Armenia says it will work with OSCE on ceasefire
Armenia said on Friday it would engage with a European security watchdog on renewing a ceasefire in Nagorno-Karabakh as the death toll rose from five days of fighting over the breakaway enclave in South Caucasus.
Azerbaijan, which is fighting ethnic Armenian forces in Nagorno-Karabakh, has not responded to a call for a ceasefire on Thursday by France, the United States and Russia - co-chairs of the Organization for Security and Co-operation in Europe (OSCE) watchdog's Minsk Group which mediates in the crisis. But Azerbaijan's President Ilham Aliyev ruled out talks with Armenia over Nagorno-Karabakh on Tuesday and Azerbaijan's ally Turkey said on Thursday the three big powers should have no role in peacemaking.
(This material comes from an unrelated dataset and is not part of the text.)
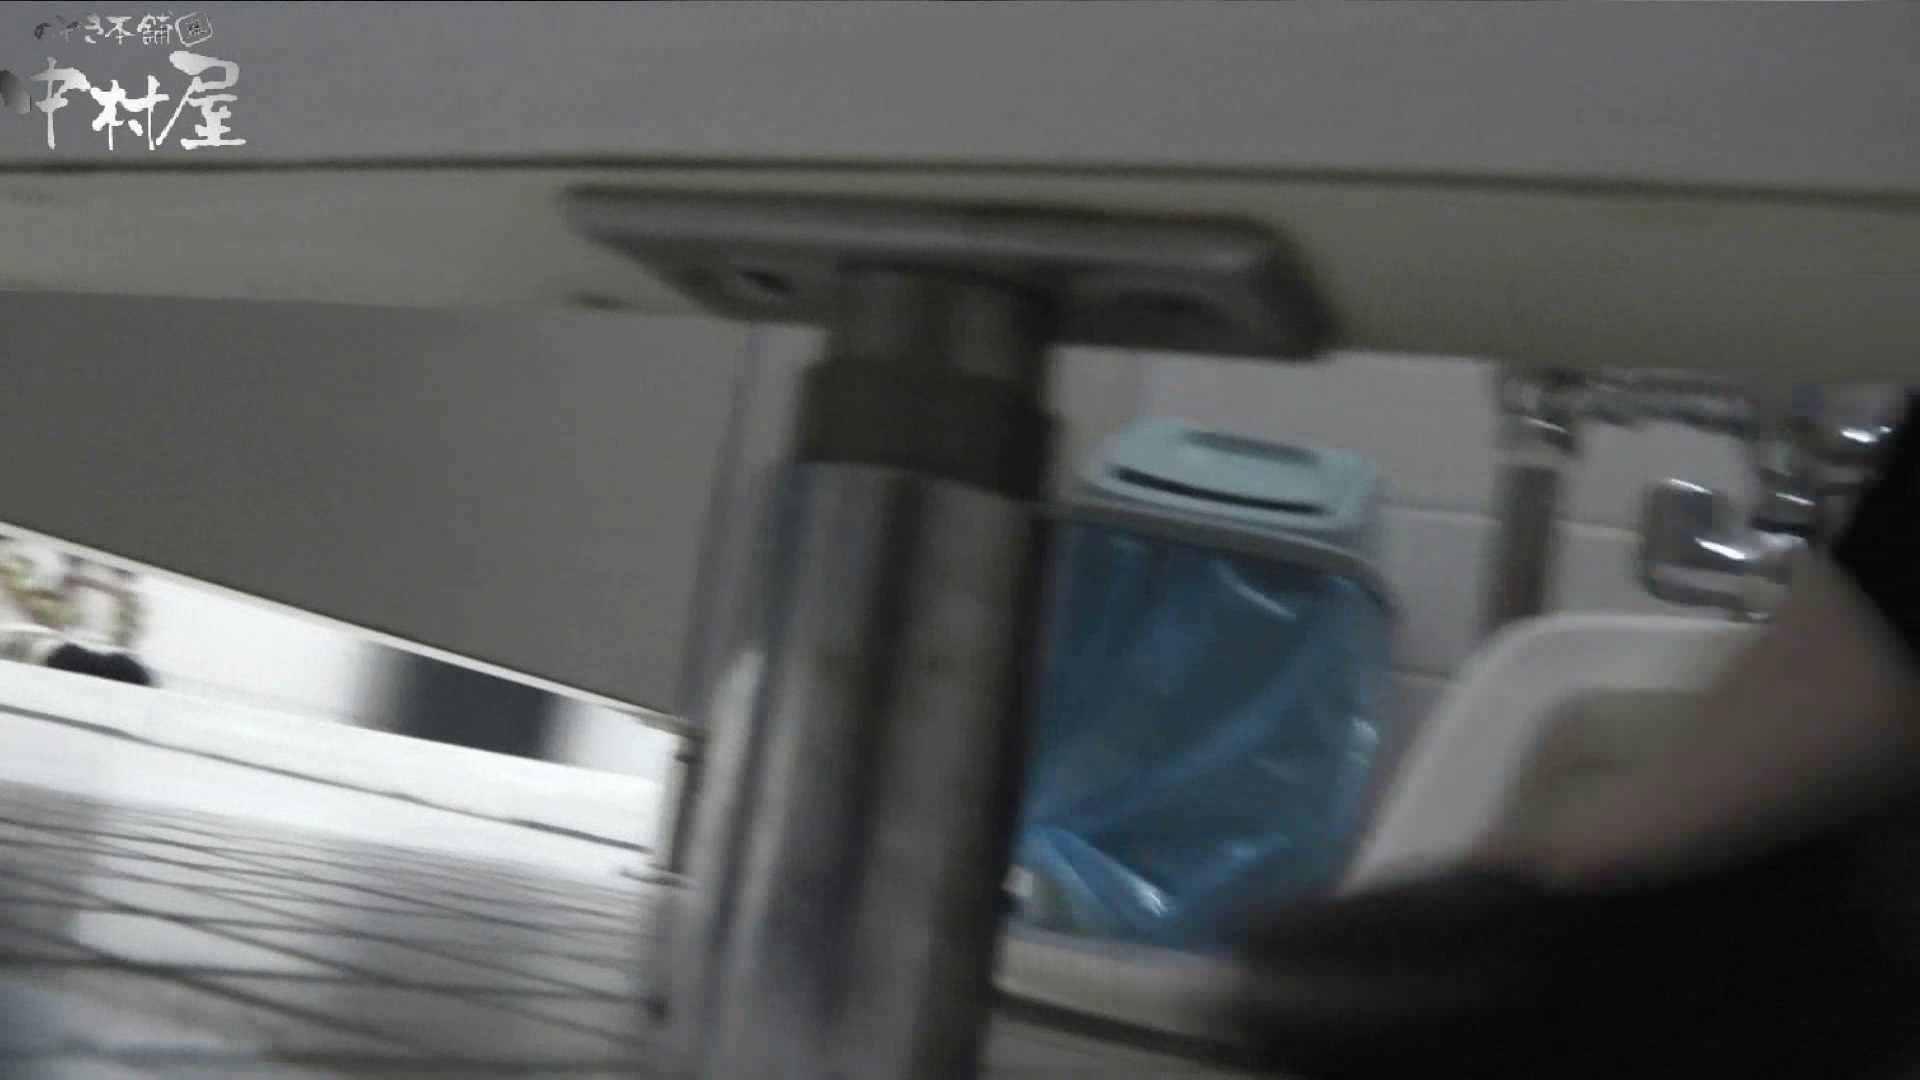 vol.34 命がけ潜伏洗面所! アソコの毛が長髪な件 後編 プライベート 隠し撮りすけべAV動画紹介 107画像 99

Nagorno- Karabakh's defence ministry reported 54 new military casualties on Friday, taking the death toll among its forces to 158. Eleven civilians have been reported killed and more than 60 wounded in the mountainous enclave, which is part of Azerbaijan but is run by its mostly ethnic Armenian inhabitants.
The Azeri prosecutor's office said 19 civilians had been killed and 55 wounded in Armenian shelling. Azerbaijan has not reported on casualties among its military forces. Clashes broke out on Sunday between Azerbaijan and ethnic Armenian forces in NagornoKarabakh. The enclave is not recognised internationally as independent, and has been the subject of conflict since the collapse of the Soviet Union.
The fighting is more serious that at any time since a war in the 1990s in which 30,000 people were killed, and has deepened concern about stability in the South Caucasus, a region where pipelines carry Azeri oil and gas to world markets.